Aside from a few snide remarks here and there, I’ve refrained the last couple of years from doing any serious Bush-bashing. I figured the supply had met the demand. Apparently, I was wrong.

Republicans may lament that the president’s approval rating has slipped to less than a third of Americans, but it is equally inexplicable to me that so many still believe Dubya is doing a heck of a job. I want it on the record for posterity: I thought the man was an idiot from the get-go.

There was a time, years ago, when I thought Bush the junior would rightfully be a strong contender for the presidency. That was about 1999, when the he was still a relatively unknown governor from Texas. He looked like his dad, whom I’d respected, and some of his public pronouncements seemed respectably centrist.

But then a friend directed me to a profile, published in the now-defunct Talk magazine, where the president cussed more than Samuel Jackson and showed an unseemly nonchalance toward what we now call the sanctity of human life. The interviewer, Tucker Carlson, asked Bush what he thought the Texas killer Karla Faye Tucker would have said to him in her final hours on death row. The next president of the United States pursed his lips and whined a mock plea: “Please don’t kill me.”

He had but one life there in his hands, and regardless of anyone’s opinions of the death penalty, that burden should be met with intelligence and maturity. Instead, he showed the bravado of a frat row cowboy. In retrospect, that moment was a window into our future.

Indeed it was.  Too bad more of us didn’t pay attention at the time.  Instead, many of us listened to the spin and heard what we wanted to hear.

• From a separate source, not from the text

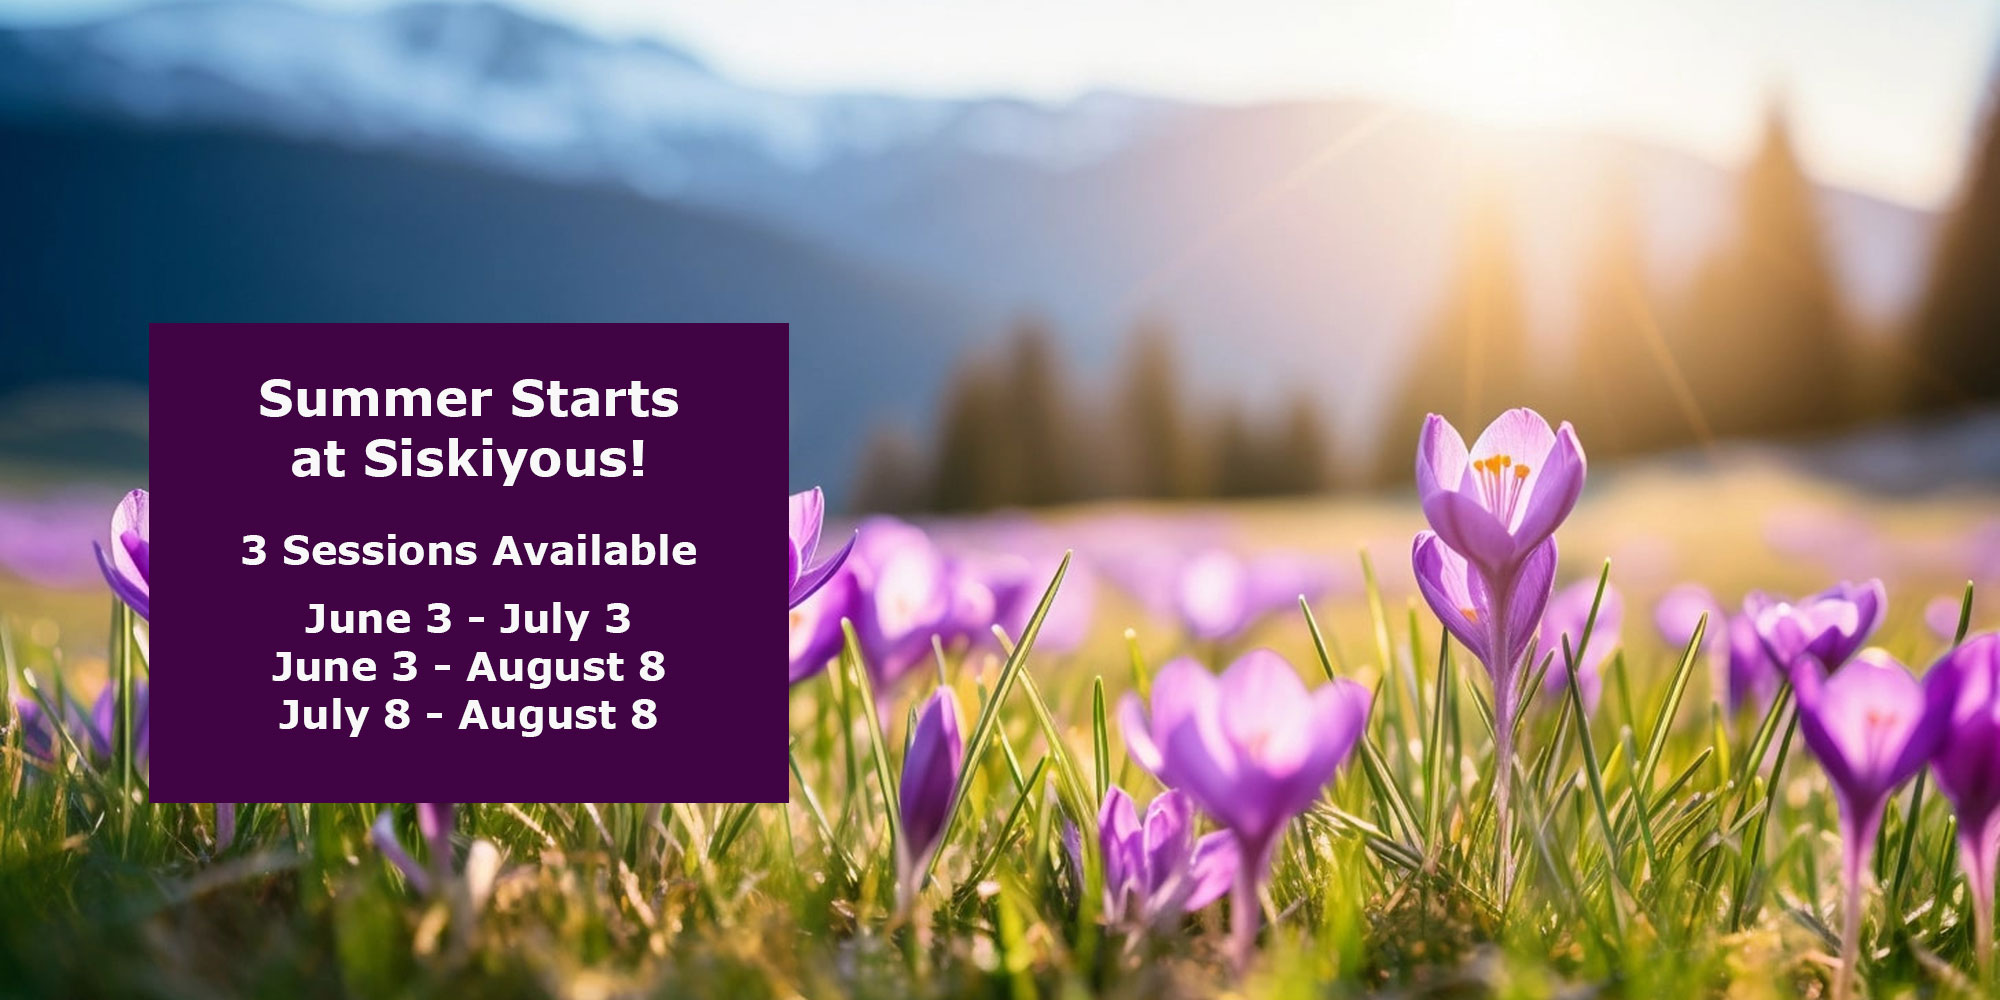 Summer Starts at Siskiyous! 3 Sessions Available: June 3 - July 3, June 3 - August 8, July 8 - August 8.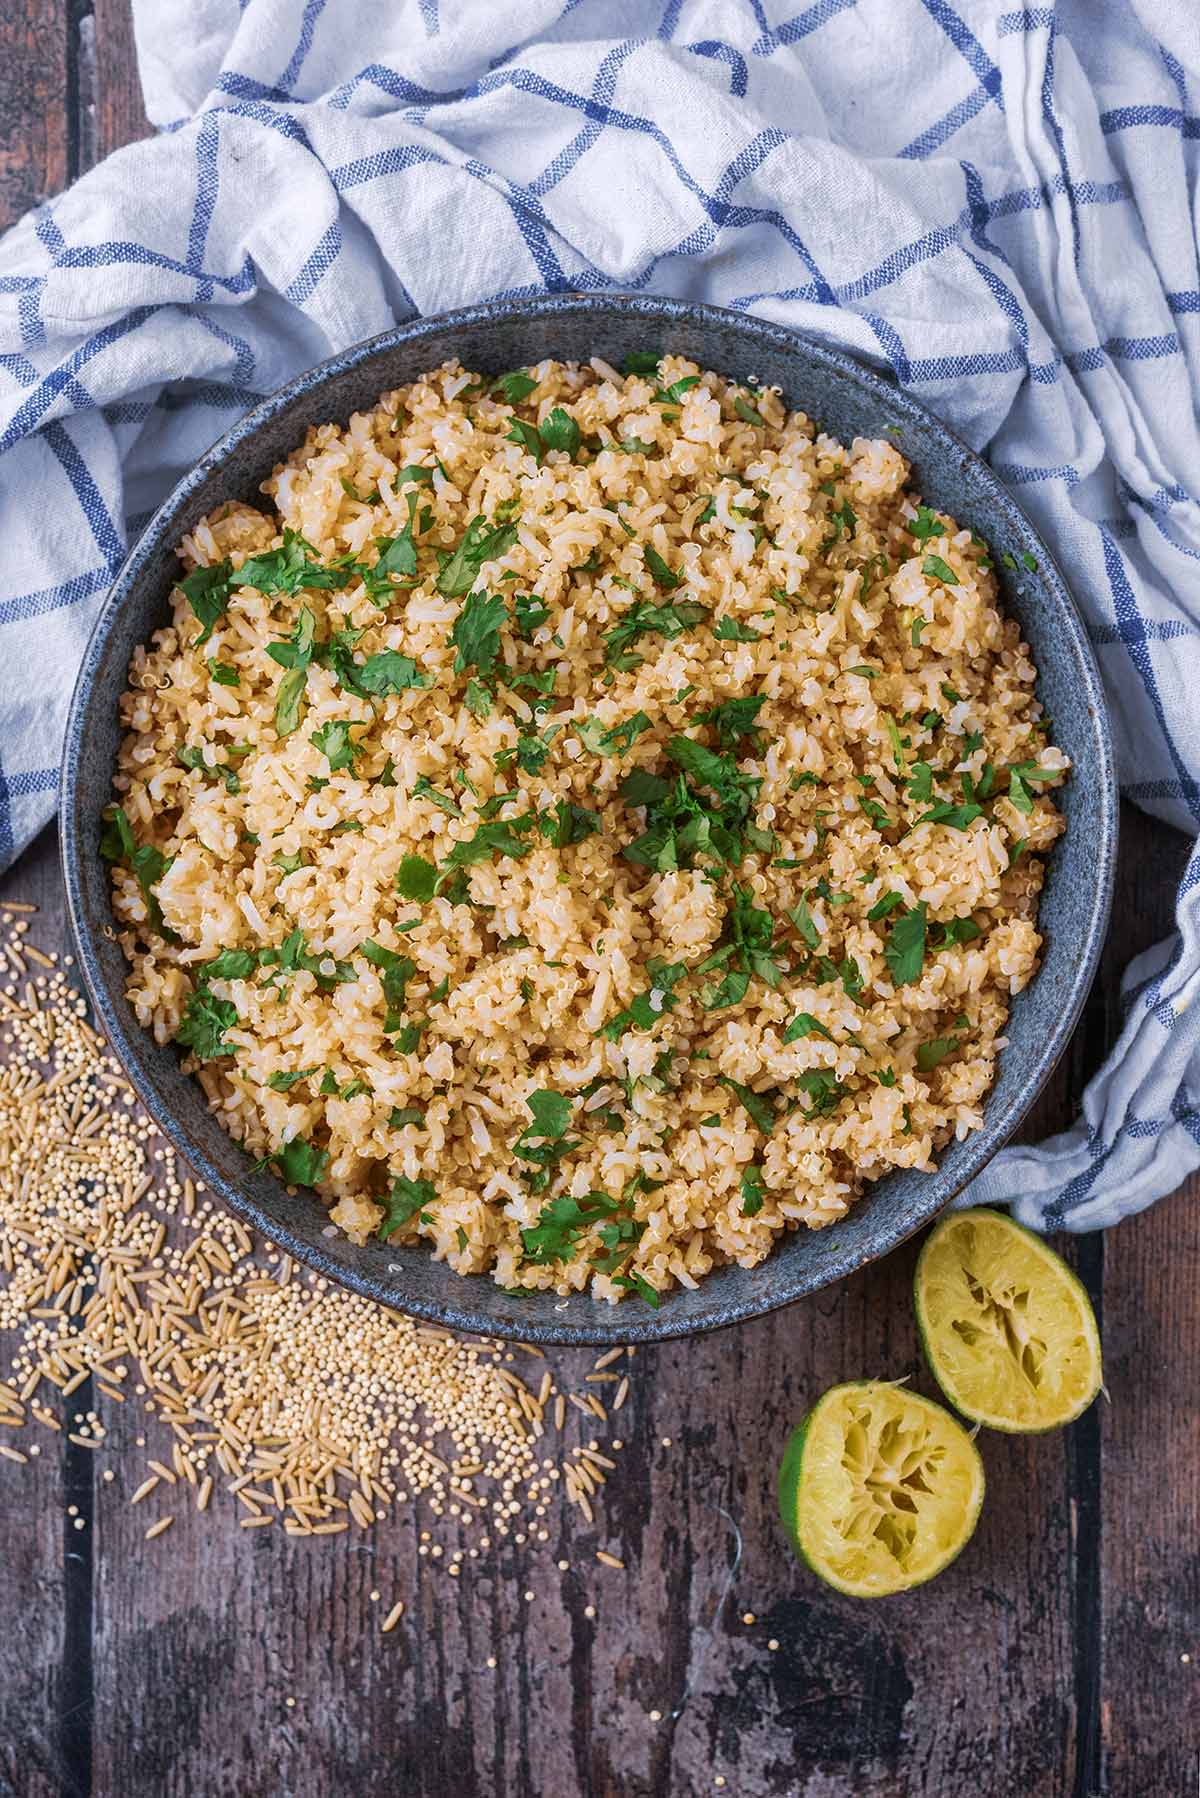 A large bowl of cooked rice and quinoa with chopped herbs scattered on top.

So how did we get into this mess? A friend said to me recently that Alabama should change its motto from “We dare defend our rights” to “Alabama: We will not be told.” If only such a creed could be limited to our state.

And what do we do now?  Those of us who opposed Bush from the beginning, those who have come to their senses over the past six years, and those who still cling to the illusion that Bush is a good man who has our best interest at heart are all packed into the same boat, heading with all deliberate speed toward a waterfall.  We don’t know if it will be a minor bump along the path of democracy or a catastrophic drop into chaos or dictatorship.

I’m sure some people are going to say that I hate America for even thinking any of this, but I’m not certain what America even means any more. In the long view of things, perhaps the Bush Administration has been a sort of IQ test. If you were among the few who doubted him early in his term, you pass. If you still have a “W the President” bumper sticker on your car, then you’re with stupid. It’s a cold comfort that history might prefer my point of view. But a smug sense of superiority is a sorry consolation prize, if the cost is everything else. 

13 Responses to “Kyle Whitmire’s Take On the Bush Maladministration”

  1. Del says:

    That was great. But now I’m depressed. Time for more Milk Duds.

  2. Bottom Line says:

    Good point, we need to find a President like Bill Clinton who demonstrates his maturity and intelligence. He showed his maturity when making decisions on Kosovo while his prick was in Monica’s mouth.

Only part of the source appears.